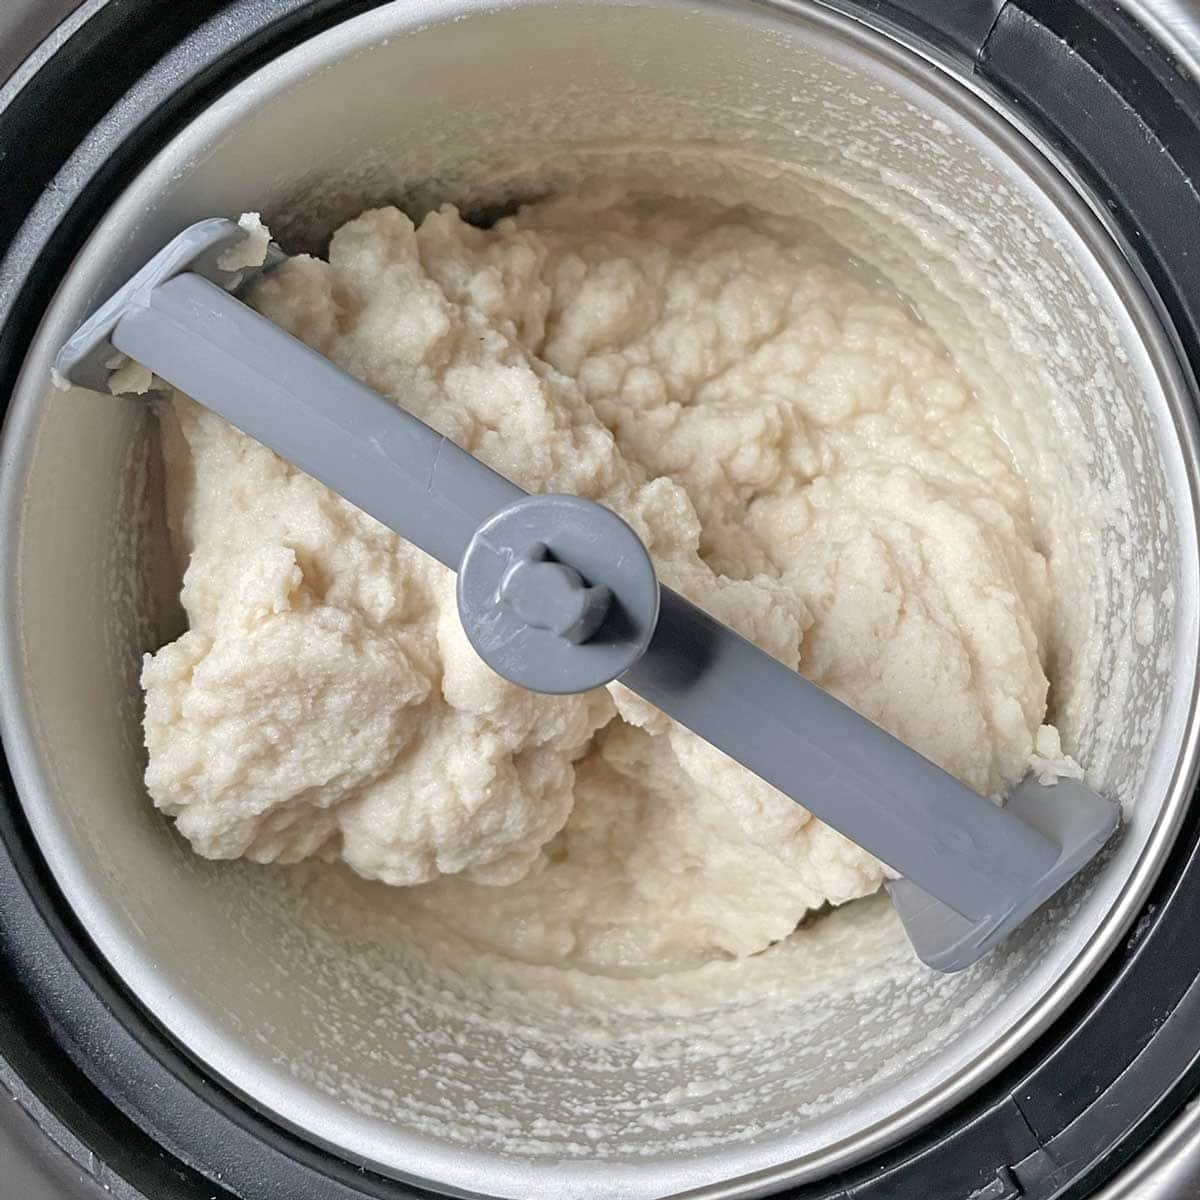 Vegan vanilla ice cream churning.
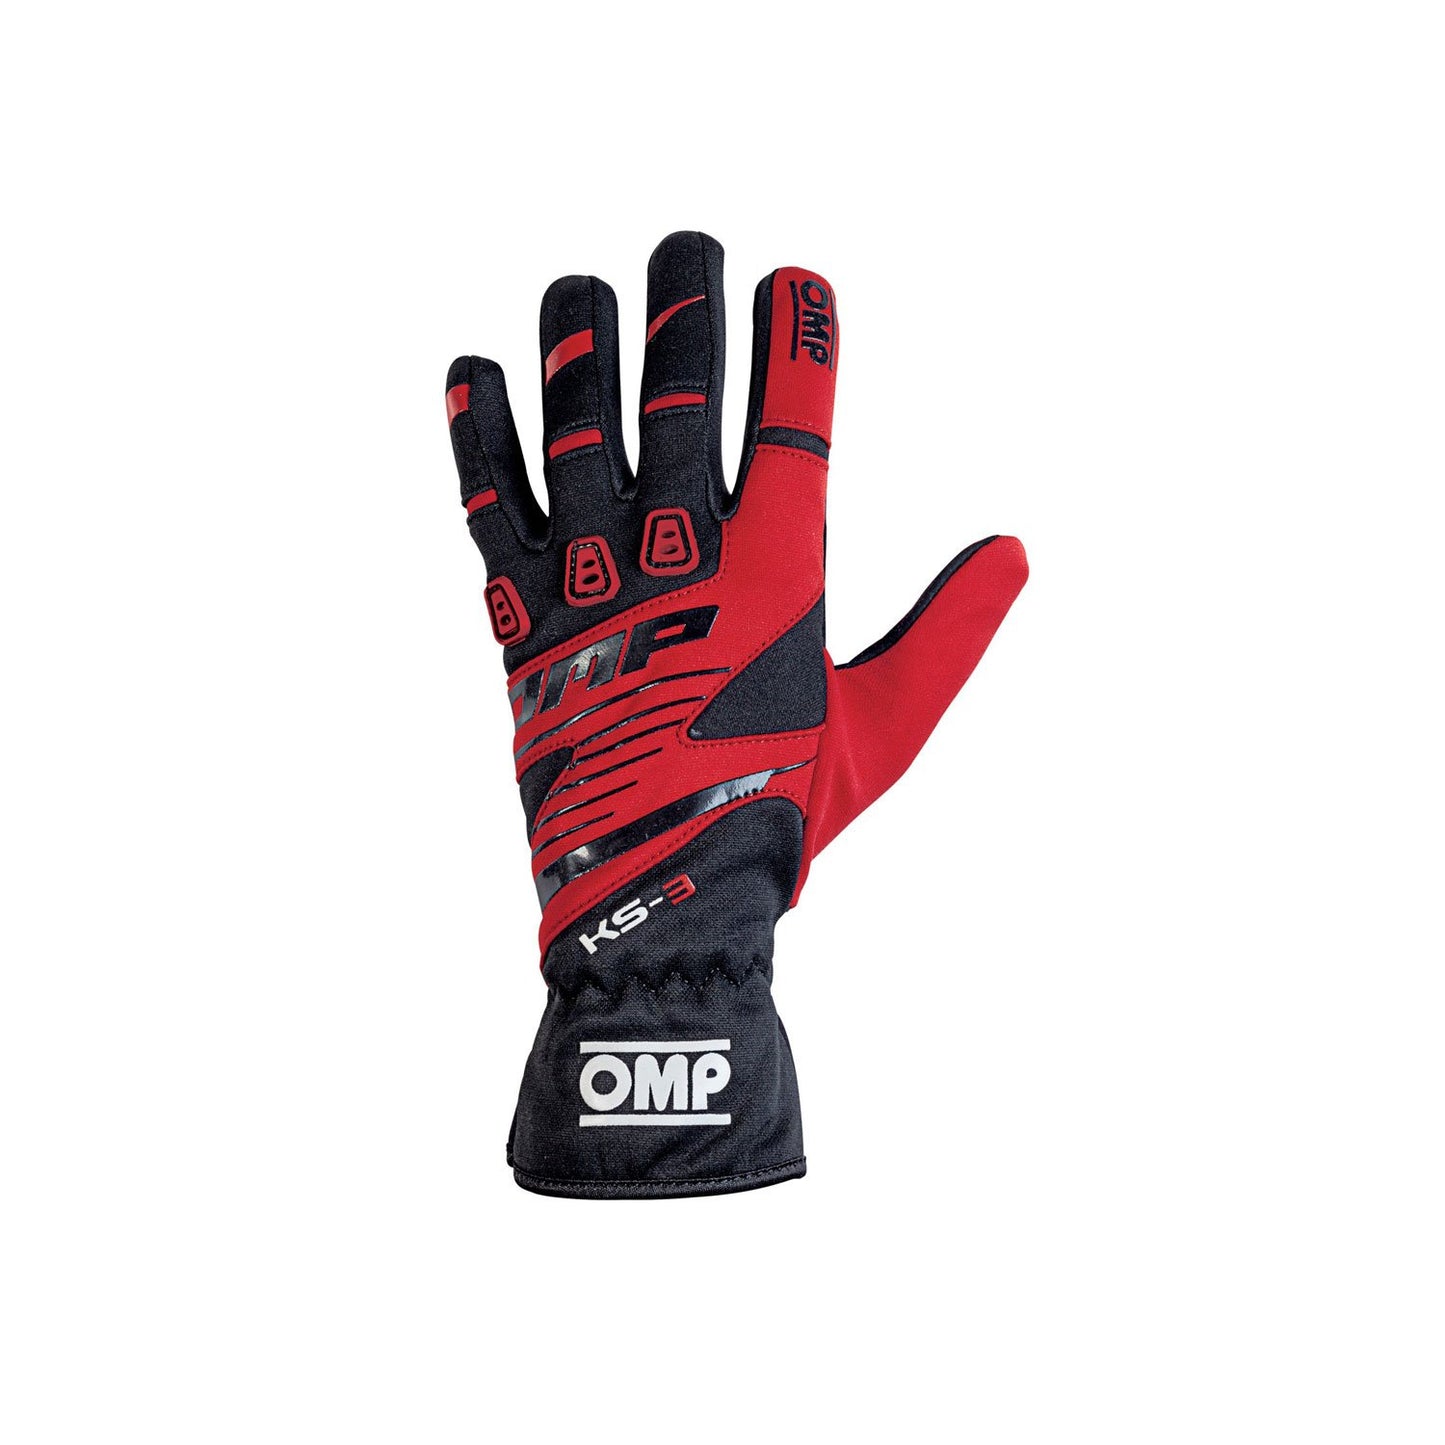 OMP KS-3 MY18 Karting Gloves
= = = =
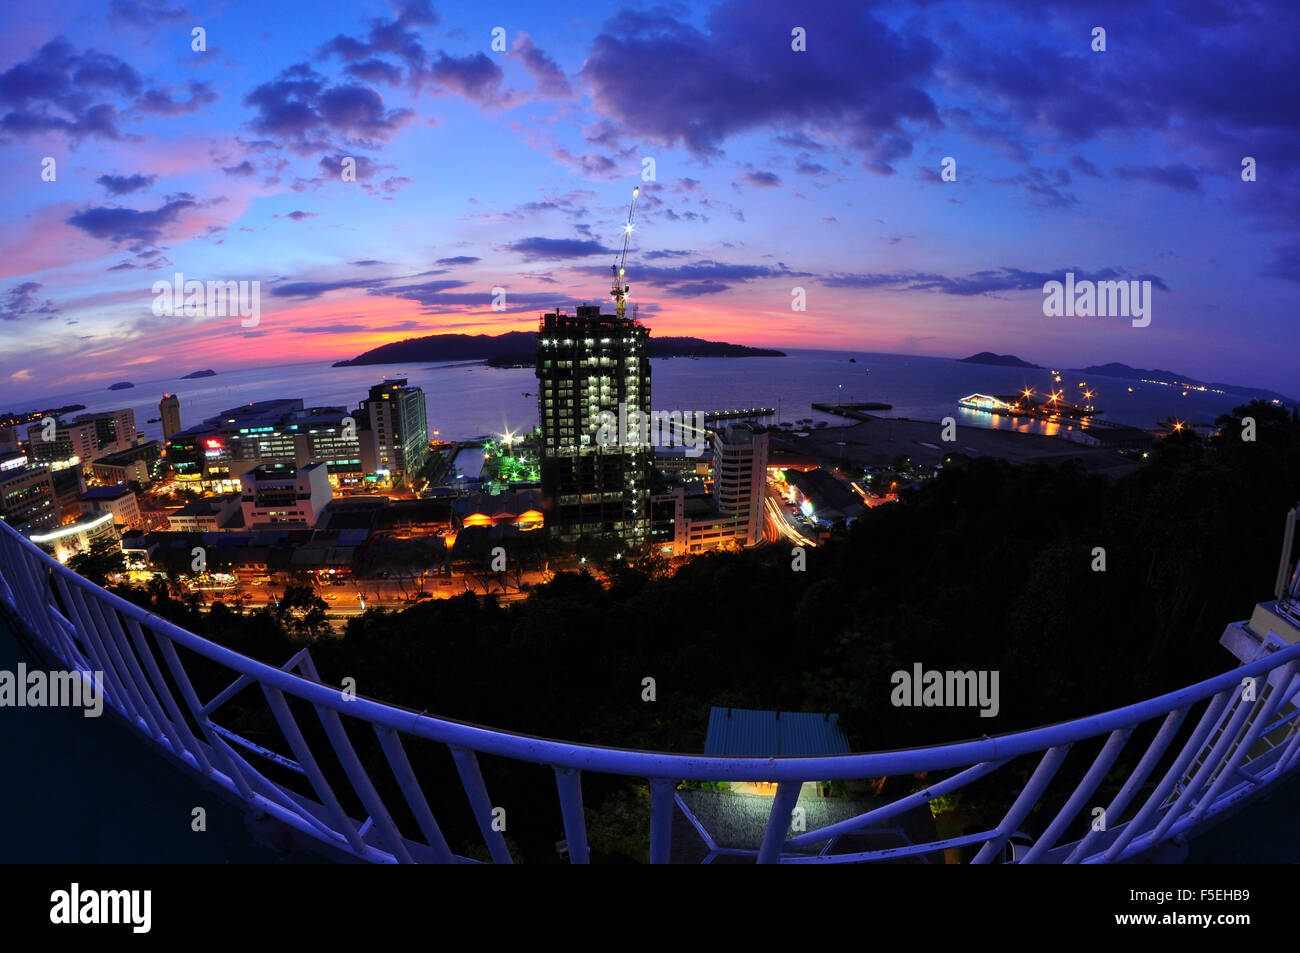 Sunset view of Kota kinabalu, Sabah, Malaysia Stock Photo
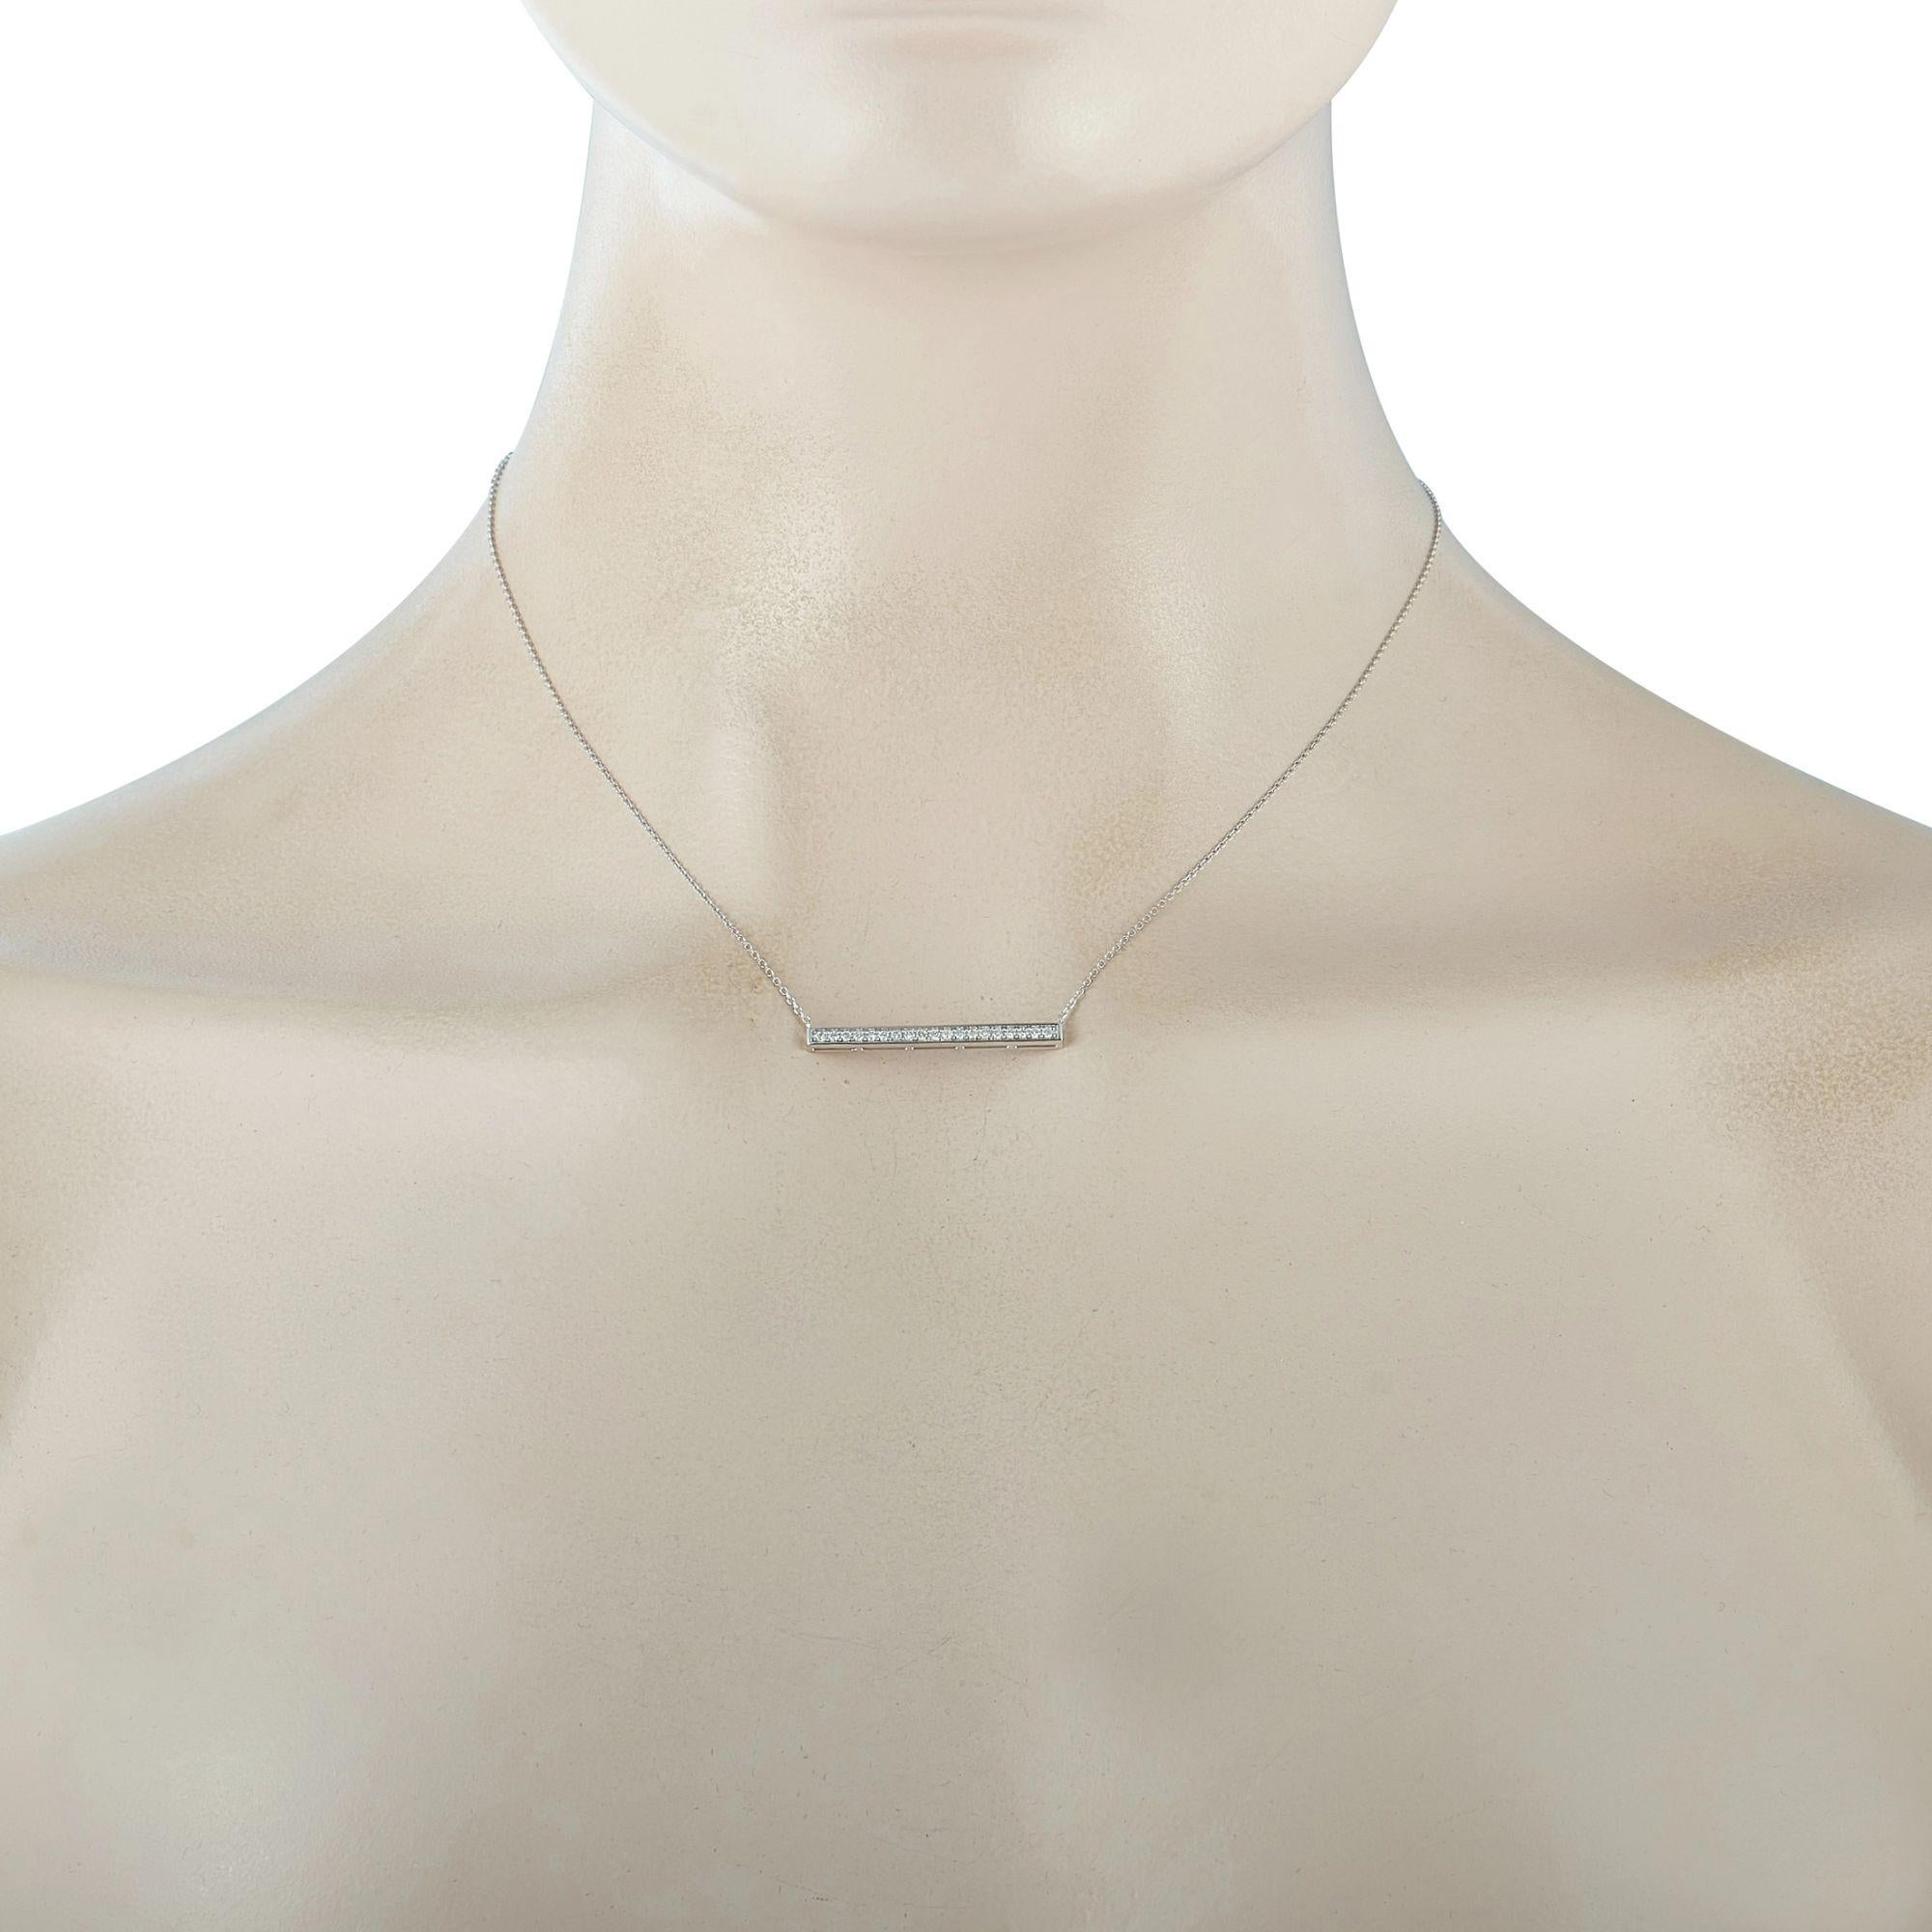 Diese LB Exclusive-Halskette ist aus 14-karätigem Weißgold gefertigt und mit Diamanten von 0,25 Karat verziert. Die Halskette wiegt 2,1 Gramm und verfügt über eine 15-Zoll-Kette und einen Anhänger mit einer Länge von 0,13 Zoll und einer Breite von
= = = =
= YOUR GOAL =
Nothing except the lines from the one containing "Vegan vanilla ice cream churning." through the one containing "OMP KS-3 MY18 Karting Gloves" should appear in the answer, exactly as above and without pictures.

= SOLUTION FOR THIS EXERCISE =
 Vegan vanilla ice cream churning.
 OMP KS-3 MY18 Karting Gloves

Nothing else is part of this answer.